Tuesday, April 03, 2012

Knowing defamation of plaintiff insufficient for personal jurisdiction in home state


Hoffman v. Barnes, 2012 WL 1021837 (N.D. Ill.)
Hoffman and his screen printing equipment company M&R sued Barnes for defamation, violation of the Illinois UDTPA, and false advertising under the Lanham Act, based on posts on two printing industry related discussion forums.  (Side note: I dearly love the internet and its ability to sustain two, and most likely more, printing industry related discussion forums.)
Barnes moved to dismiss for lack of personal jurisdiction, and the court granted the motion.
Hoffman lives in Lake County, Illinois, and M & R is a Delaware corporation with its principal place of business in Glen Ellyn, Illinois. Barnes, who sells equipment made by M&R’s competitors, lives in North Carolina.
Due process is the limit on personal jurisdiction under Illinois law.  Because Barnes lacked continuous and systematic contacts with Illinois allowing the exercise of general jurisdiction, the court examined specific jurisdiction: whether Barnes purposefully directed his activities at Illinois and whether the alleged injury arose out of those activities sufficiently that the exercise of jurisdiction would comport with due process.  For intentional torts, constitutionally sufficient contacts exist if the defendant’s actions are expressly aimed at the forum state, with the defendant’s knowledge that the effects would be felt/the plaintiff injured in the forum state.  Express aiming has proved tricky to evaluate.
The complaint easily alleged intentional tortious conduct and Barnes’s knowledge thatHoffman would feel the brunt of his injury in Illinois since that is where Hoffman resides and where M & R Printing is located.
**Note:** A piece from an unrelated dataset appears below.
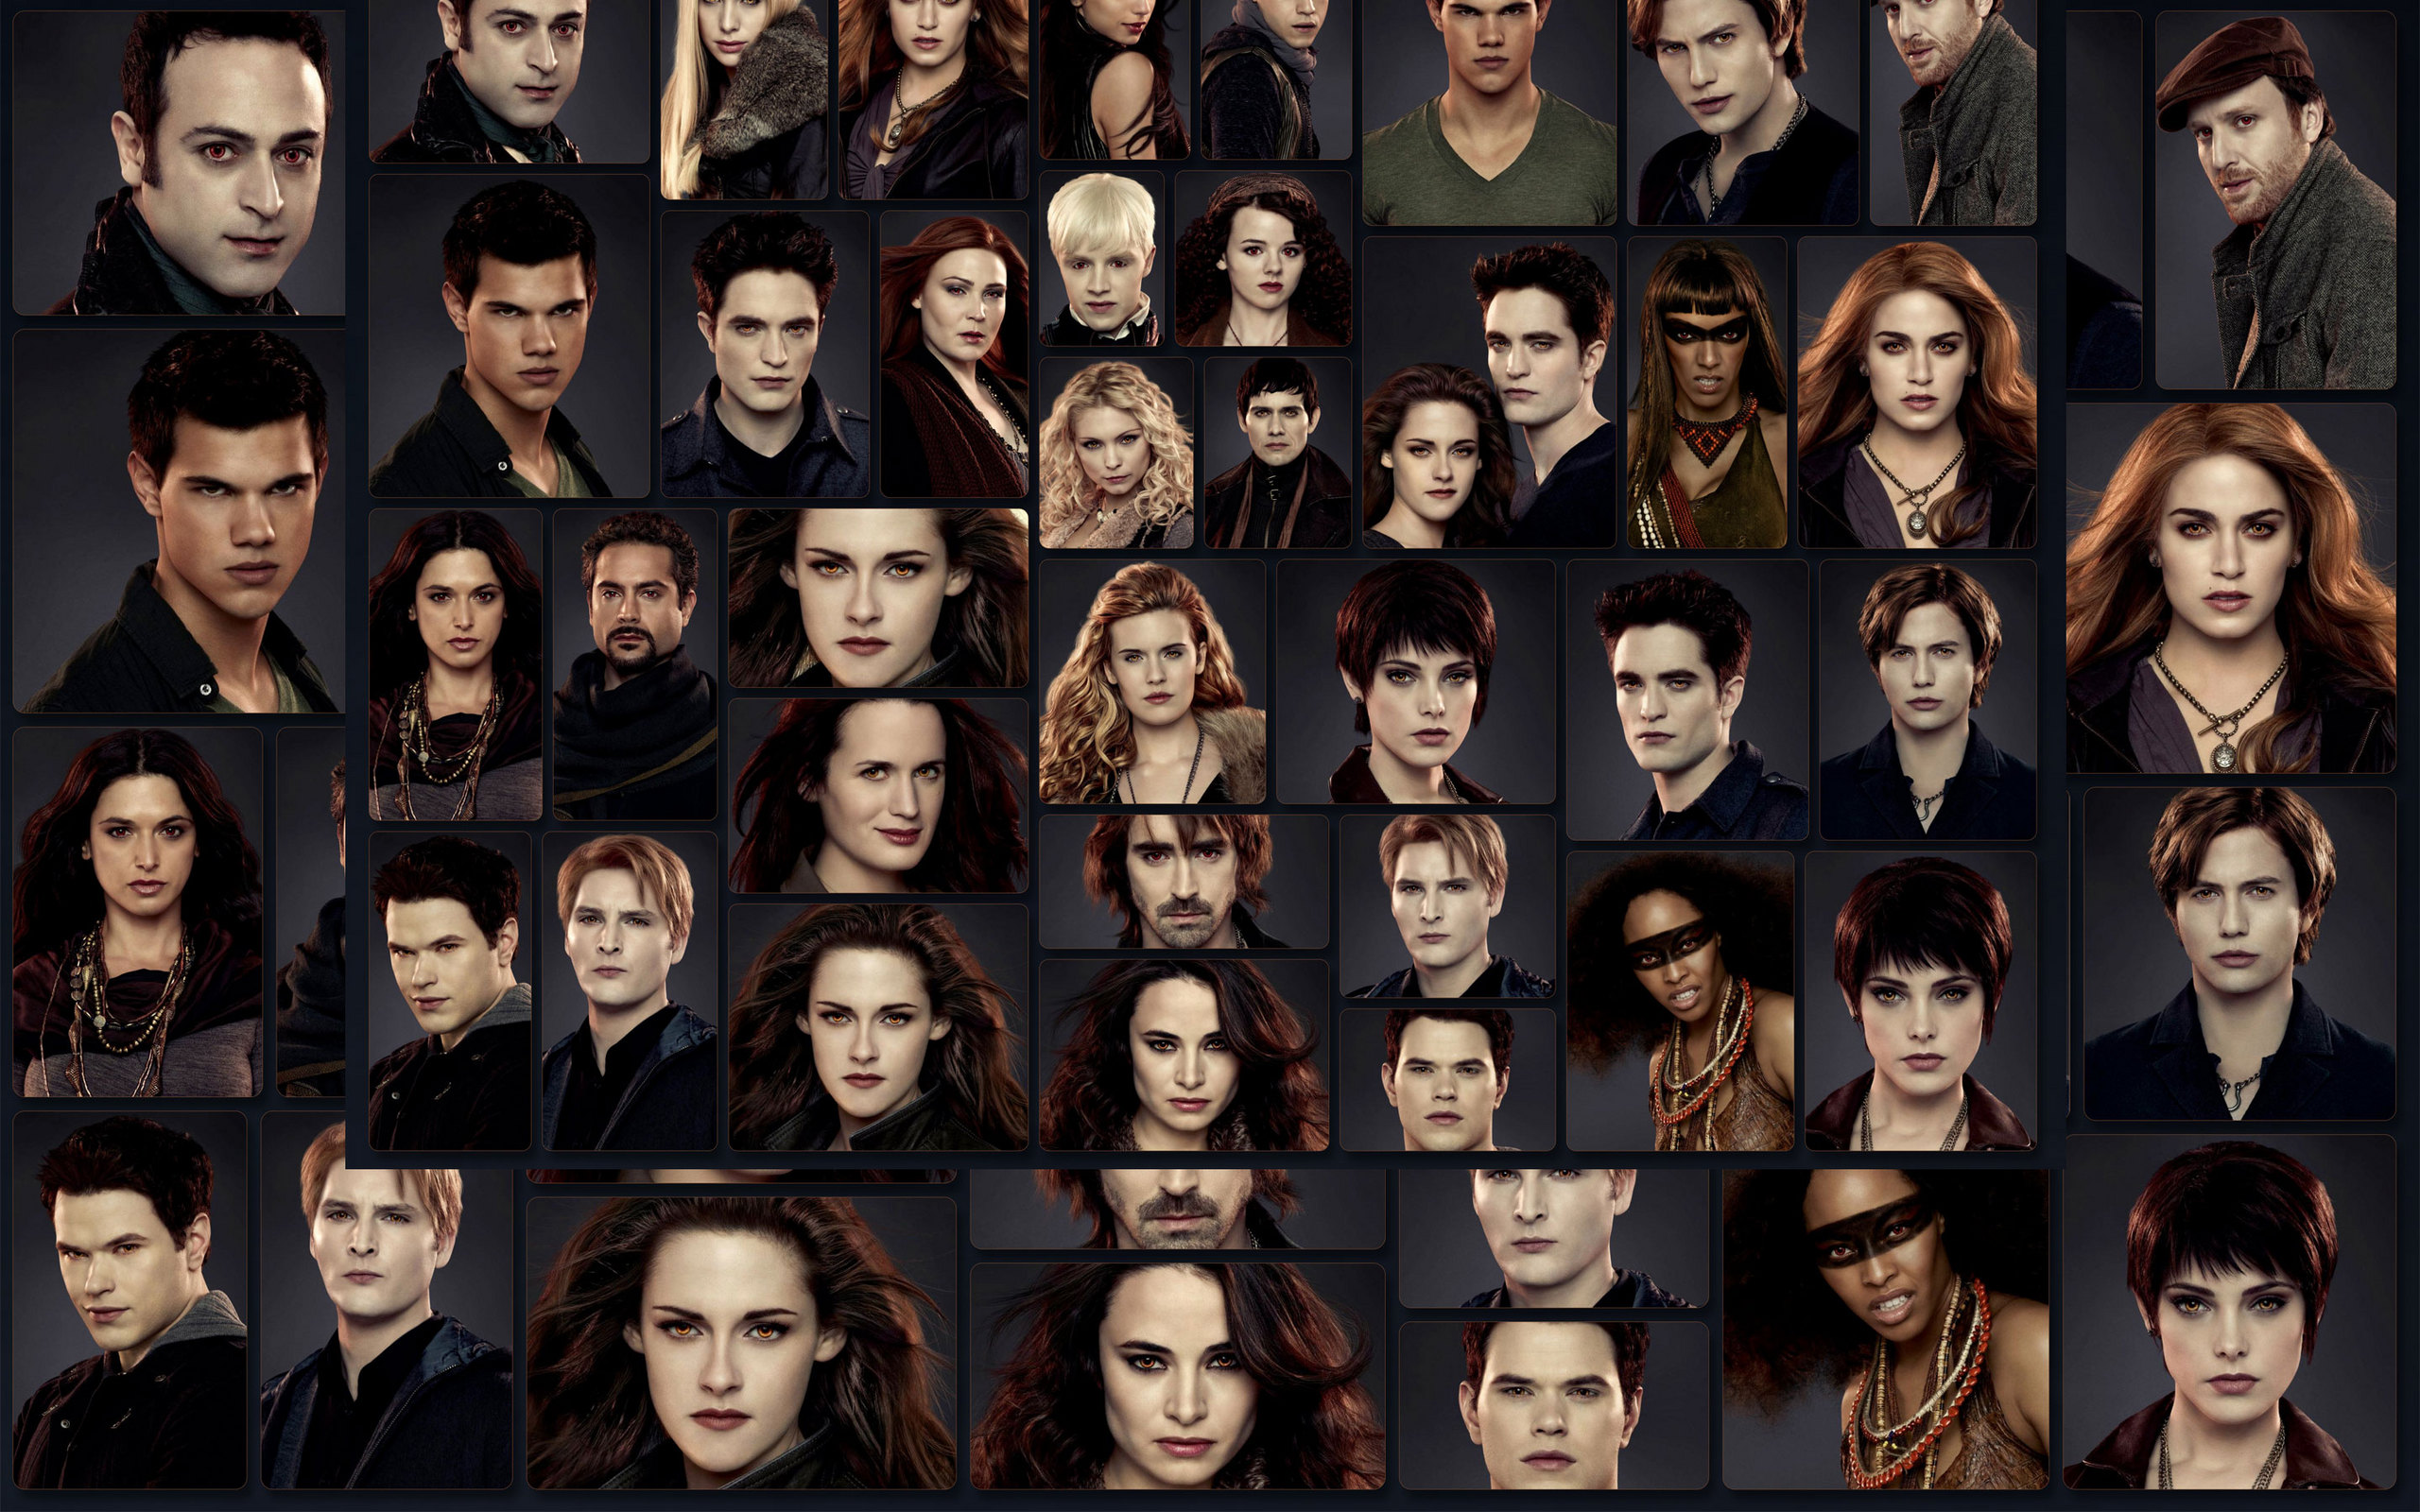 Wallpaper Blink The Twilight Saga Breaking Dawn Part

Barnes even “posted a photograph of himself standing in front of the M & R Printing headquarters in Glen Ellyn, Illinois.”
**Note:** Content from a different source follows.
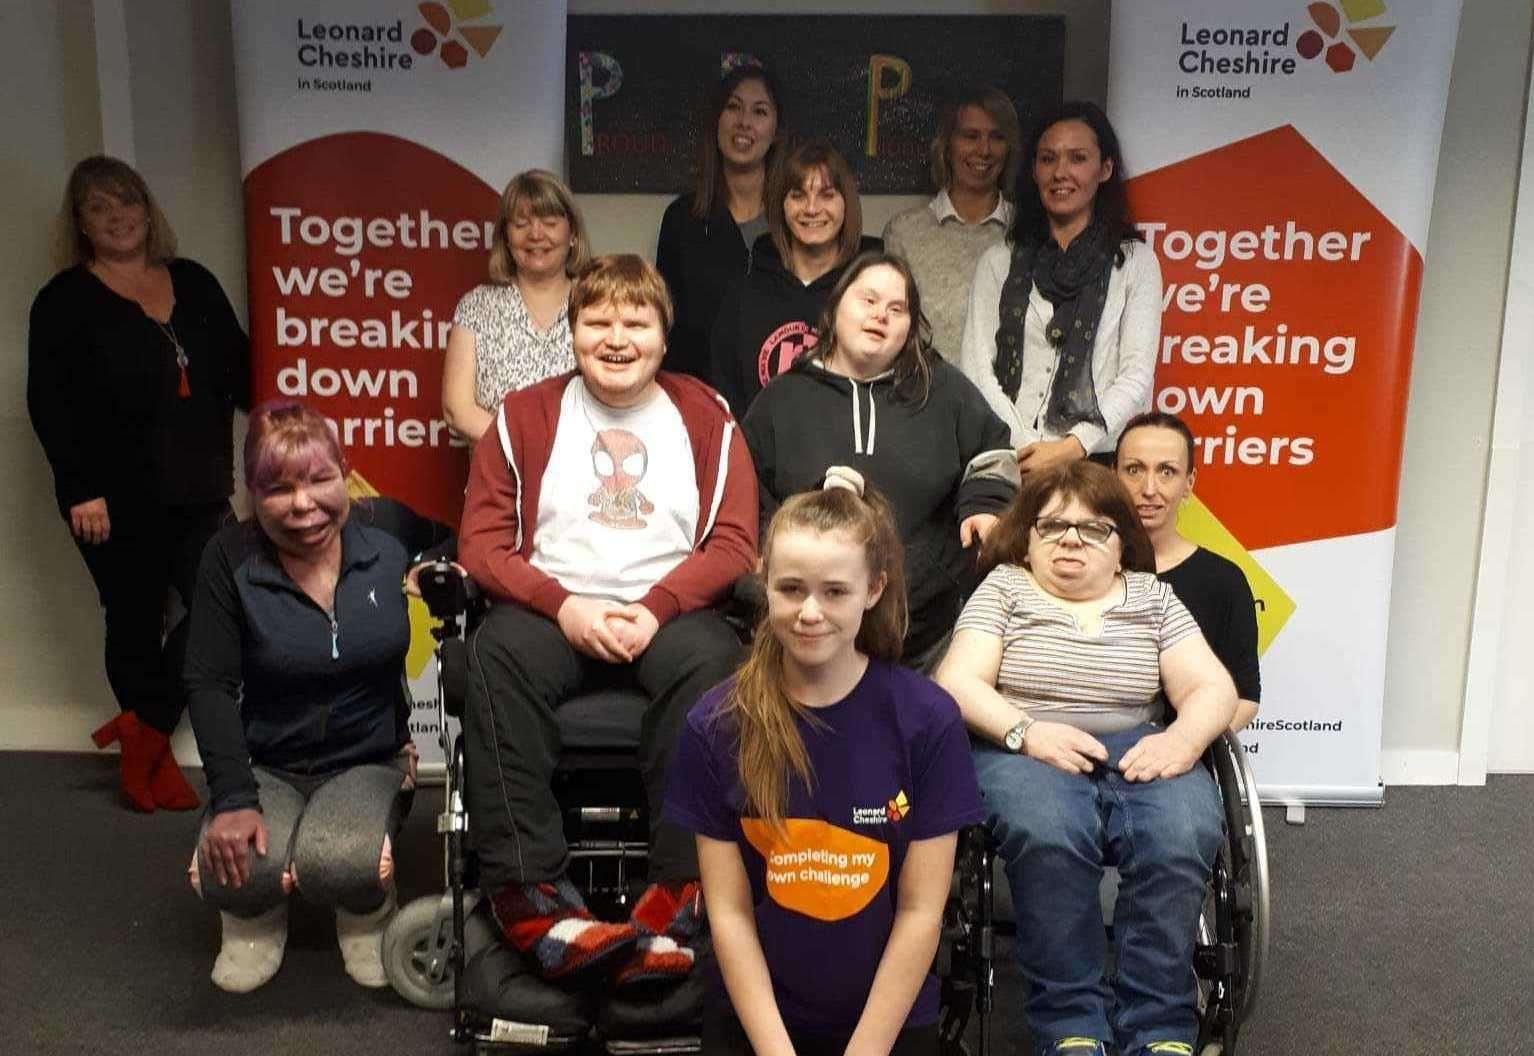 Teenage volunteer recognised for her groundbreaking work with disabled people

So is that it for express aiming?  Well, if so, would it be a separate prong?  Some courts have basically read it out, requiring only conduct that is “targeted at a plaintiff whom the defendant knows to be a resident of the forum state,” while others require the forum state to be the “focal point of the tort.”  The 7th Circuit considers the relationship between the allegedly tortious conduct and the forum state itself to be a crucial consideration. Tamburo v. Dworkin, 601 F.3d 693 (7th Cir.2010), found that while precedent had “read Calder to require a forum-state injury and ‘something more’ directed at that state before jurisdiction over a defendant may be considered proper, … “[t]ortious acts aimed at a target in the forum state and undertaken for the express purpose of causing injury there are sufficient to satisfy Calder' s express-aiming requirement.”  Still, that something more has to be more than mere residence of the plaintiff.
Here, the court found that there was no evidence of express aiming beyond plaintiffs’ mere residence in Illinois.  Though Barnes’s comments were clearly aimed at plaintiffs, the fact that they were located in Illinois was merely incidental; M&R apparently sells equipment all over the world.  In Tamburo, some of the harassing messages at issue provided the plaintiff’s Illinois address and urged readers to contact and harass him, but here there was no similar targeting of Illinois.  “Although the comments also encourage readers to purchase other products, there are no allegations that any actual customers were swayed by Barnes' comments or that anyone contacted Hoffman directly in Illinois.”  Diverting sales from M&R seemed secondary to a personal attack on Hoffman.  This wasn’t enough for express aiming.
The court didn’t believe that Calder allowed any plaintiff to hale any defendant into court in the plaintiff’s home state, where the defendant had no contacts, merely by asserting that the defendant had committed a tort.